Ich will weiss Gott nicht ein weiteres Kompendium zum Sauerteig schreiben, dazu gibt es viel kompetentere Leute, Bücher und Blogs. Allerdings ist mir via Twitter ein Artikel im Blog «Trüffelschwein» zugeflogen, der zeigt, dass offenbar noch viele Halbwahrheiten und nicht immer passende Hausrezepte dargeboten werden.

Deshalb kurz, wie ich mit meinem Sauerteig umgehe.

Sauerteig, was ist denn das

Kurz, siehe Wikipedia ;-) Und sonst, wilde Hefen, Essigsäure- und Milchsäurebaktieren… ein ganz schöner Zoo, den ich gerne mal unter dem Mikroskop ansähe.

Teigausbeute

Ich setze bei meinem Sauerteig immer auf eine TA von 100, sprich eine Einheit Mehl, eine Einheit Wasser. Das einfach, weil ich zu bequem bin, spezielle Formen auszuprobieren und auch, weil es sich dann später beim Zubereiten des Teig einfacher rechnen lässt.

Erstzucht

Wer wirklich eine Erstzucht probieren will, braucht Geduld und sonst gibt es sicher genug Hobbybäcker, die einem gerne etwas Anstellgut überlassen. Ich kannte niemanden deshalb:

  • Sauberes, relativ weites Gefäss. Ob Glas, Plastik oder glasierte Keramik ist egal. Habe ich schon gesagt, dass es sauber sein soll? Sehr sauber…
  • Starten mit zB 50g Mehl und 50g Wasser.
  • An einen warmen (ca 26-28°C) Platz stellen (zB Fensterbrett). 
  • Wichtig: abgedeckt, damit Kondenswasser zurückfliesst und der Teig nicht austrocknet, aber nicht luftdicht, da der Sauerteig Sauerstoff braucht (mind. in der aktuellen Phase).
  • Nach 12h kurz kräftig umrühren.
  • Nach weiteren 12h nochmals mit der selben Menge Mehl und Wasser füttern… und so weiter.
  • Nach rund drei Tagen sollte die Masse Blasen bilden und beginnen zu riechen. Grämt Euch nicht, wenn der Geruch Eure Nase beleidigt. Mein Roggensauerteig roch anfänglich wie frisch geko… 
  • Falls der Sauerteig jedoch Schimmel entwickelt oder extrem stark nach Essig riecht, dann fort damit.
  • Je nach Mehl und Umgebung (Naturhefebesatz) gelingt das schneller oder fast gar nicht. 
  • Bleibt der Sauerteig stabil, ist er nach insgesamt 4-5 Tagen einsatzreif zur Verarbeitung.
  • Einen Rest (40-80g) in einem sauberen, mit kaltem Wasser ausgespülten Glas mit leicht aufgesetztem Deckel in den Kühlschrank geben.

Der Tod des Sauerteigs

Seid gewarnt, Eurem Sauerteig drohen Gefahren ;-)

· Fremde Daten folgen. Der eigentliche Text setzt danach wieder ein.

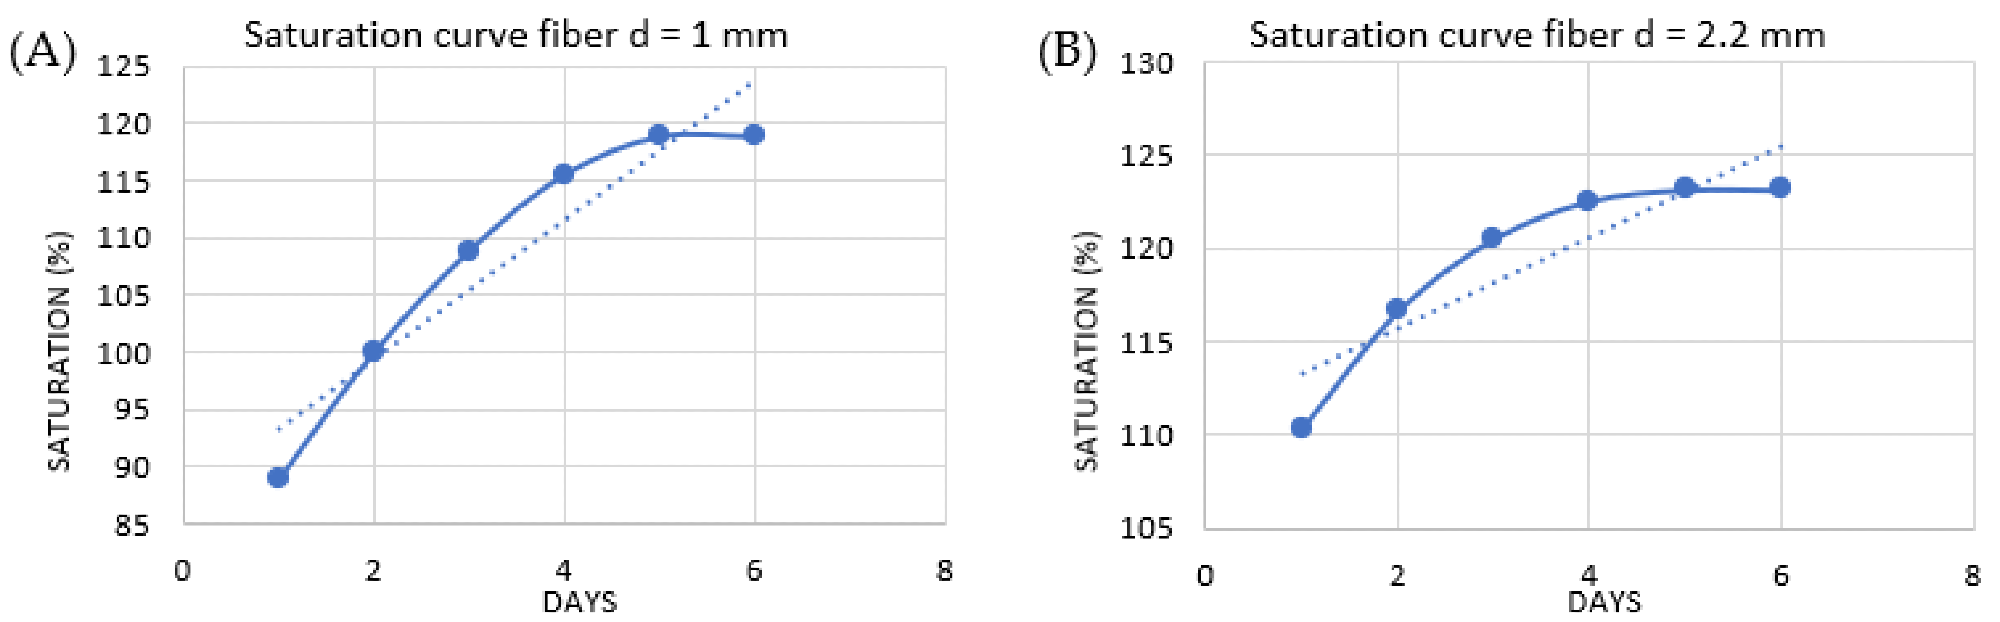 Saturation curves of hemp braids with diameter of 1 mm (A) and 2.2 mm (B).

  • Jufli-Gefahr: in der Hitze des Gefechts verarbeitet man irrtümlicherweise den ganzen Sauerteig und merkt erst am Schluss, dass das Gläschen leer ist (auch schon passiert).
  • Hitze-Gefahr: irgendwo ist noch ein Ofen oder eine Herdplatte an und der Sauerteig bekommt zu heiss. Ab 40°C beginnen die Hefen im Teig abzusterben.
  • Kälte-Gefahr: man bekommt den Tipp, den Sauerteig in der Abwesenheit doch einfach einzufrieren. Sehr schlecht, die Hefen werden beim Gefrieren zerstört. Den Teig kann man zwar noch brauchen, jedoch nur noch, um Aroma in ein Brot zu bringen.
  • Hefe-Gefahr: tönt schizophren, ist aber so. Backhefe ist so hochgezüchtet, dass sie einen natürlichen Sauerteig umbringen wird. Also erst mischen, wenn man das Gläschen Anstellgut in Sicherheit gebracht hat.
  • Hunger-Gefahr: der Sauerteig muss regelmässig gefüttert werden, sonst stirbt er den Hungertod. Die Empfehlung ist eine wöchentliche Fütterung. Mein Sauerteig überlebt aber gut drei Wochen im Kühlschrank.
  • Bakterien-Befall: ist mir noch nie passiert. Aber es könnte sein, dass ein Sauerteig, vielleicht einer, der schon etwas schwach ist oder noch ganz neu, von Fremd-Bakterien oder Schimmel befallen wird. Dann fort damit, das Gläschen peinlich sauber auswaschen und nochmals probieren.

Fütterung

Ich habe zwei Vorgehenvorschläge dazu.

Brot backen

Dazu nehme ich rund 40g des Anstellguts aus dem Kühlschrank und ergänze es mit 60g Wasser und 60g Mehl. Das ganze Verrühren und bei rund 26-28°C während rund 8 Stunden abgedeckt stehen lassen. Danach wiederum mit 60g Wasser und 60g Mehl ergänzen, verrühren und nochmals 8 Stunden bei rund 22-24°C abgedeckt stehen lassen. Zum Schluss nochmals mit der gleichen Menge Mehl/Wasser ergänzen und bei rund 18°C während 4 Stunden abgedeckt gehen lassen. Vom fertigen Sauerteig nun wieder einen Rest als Anstellgut in den Kühlschrank stellen.

Auffrischen

Beim Auffrischen nehme ich das Gläschen mit dem Anstellgut aus dem Kühlschrank. Falls das Gläschen zu voll ist, entsorge ich einen Teil davon. Dann fülle ich zwei Esslöffel Wasser und zwei Esslöffel Mehl hinzu, verrühre das ganze gut und stelle es abgedeckt für rund 8 Stunden bei Zimmertemperatur zur Seite. Sobald das Anstellgut die höchste Aktivität (Blasen) abgeschlossen hat, geht es wieder in den Kühlschrank.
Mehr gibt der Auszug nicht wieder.